Usually, we would use `pip` from the command line (i.e. in a *terminal* application). For example, if we want to install the `numpy` package, which is extremely useful for vector or matrix operations in Python, we would open a terminal, and install the package via
```
pip install numpy
```

> 💡  In a Jupyter notebook, we can install modules through `pip` by starting a code cell with an exclamation mark.

In [None]:
! pip install numpy

Installing a package can be a tedious procedure, especially in those scenarios where the package uses other packages, which need to be installed, too. These other packages are referred to as *requirements* or *dependencies*. An installer like `pip` takes care of installing not only a package, but also its dependencies (and their dependencies, and so on).

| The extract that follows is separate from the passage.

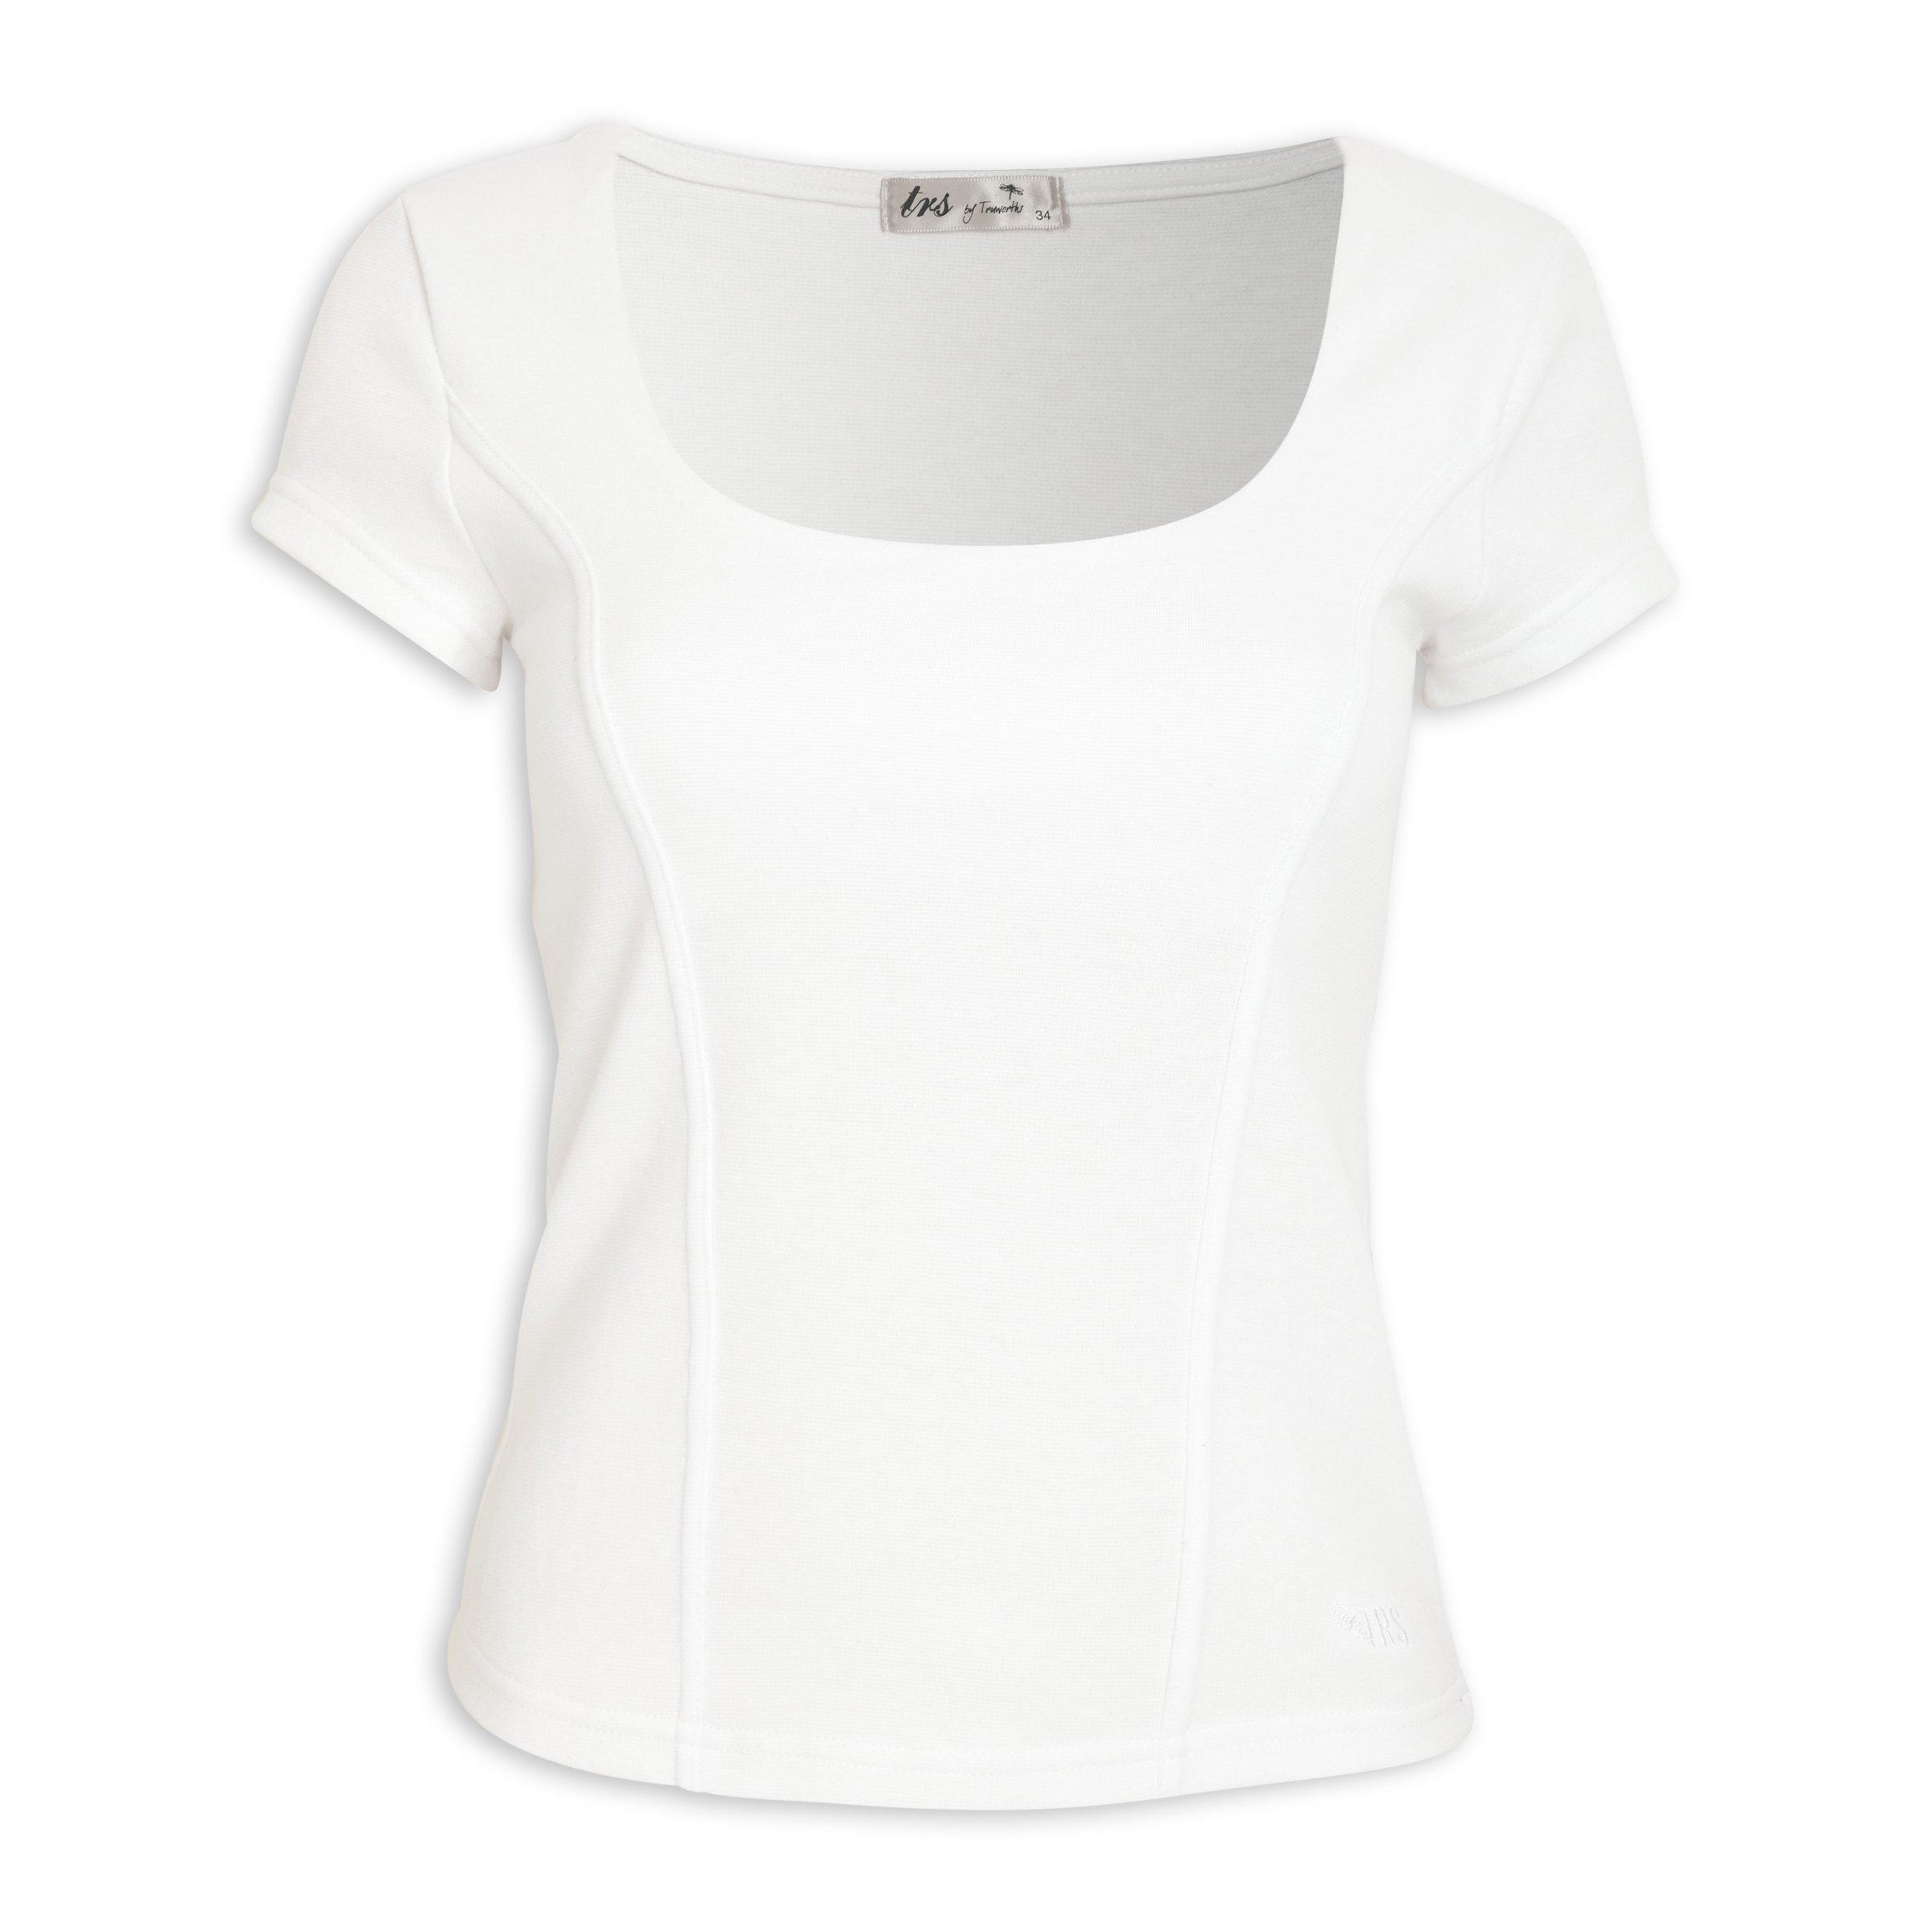 T-shirt Corset White

However, this can rapidly lead to conflicts, especially if version requirements are involved. In these scenarios, manual resolutions of these conflicts are often required, which can be tedious and time-consuming.

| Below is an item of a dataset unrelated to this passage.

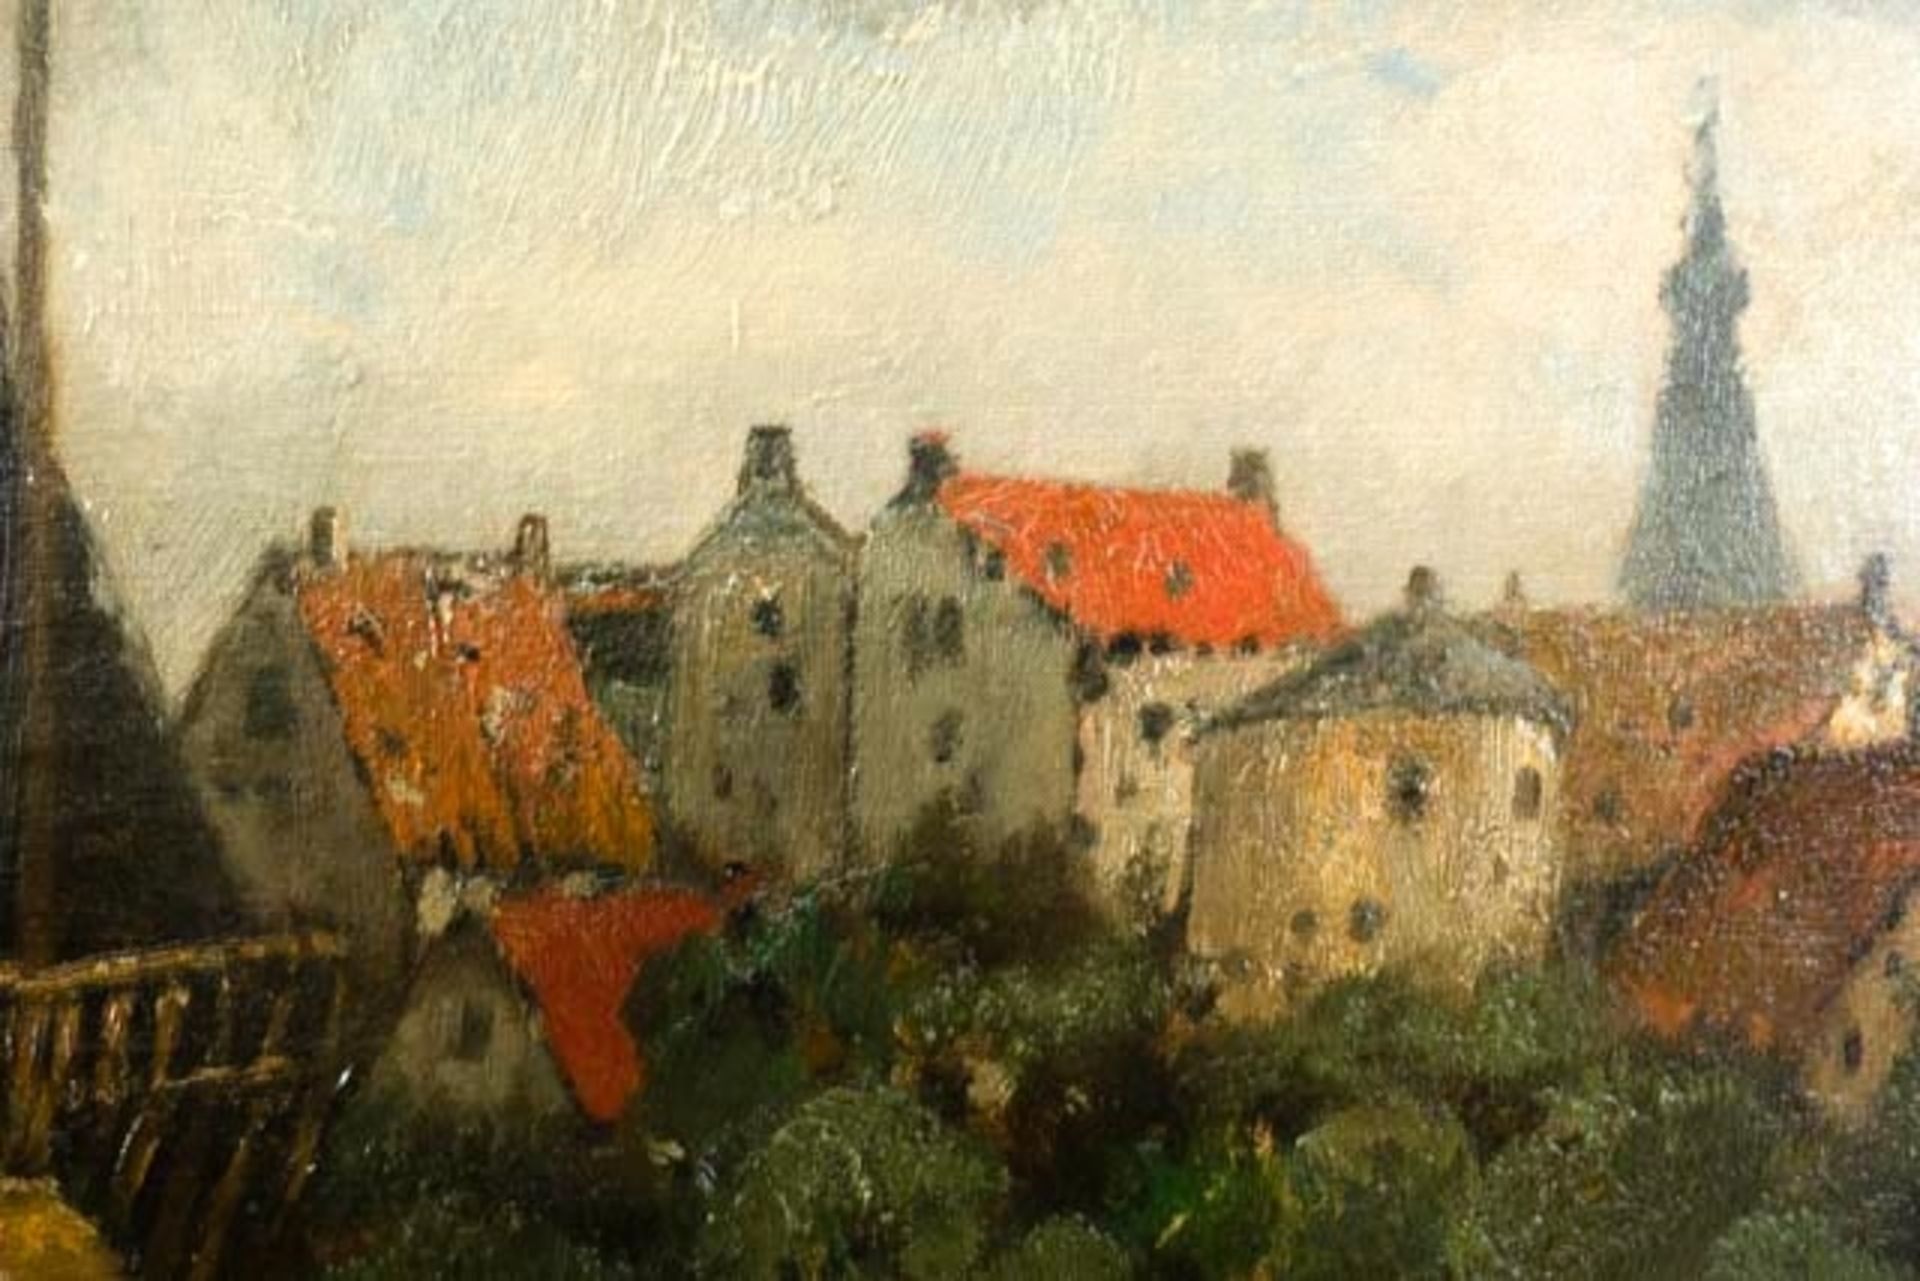 Gemälde "Mühle in Landschaft" - Bild 4 aus 7

Therefore, for local installations of Python, it is usually best practice to setup separate **environments** for each coding project. Every environment corresponds to a local installation of Python with only those packages installed that are required for that specific project. If we switch to a new project, we create a new environment with new installed packages. This minimizes dependency conflicts between projects, and enables easier transfer of Python environments.

Within this course, you find a separate *best practice* tutorial for locally setting up and managing Python installations.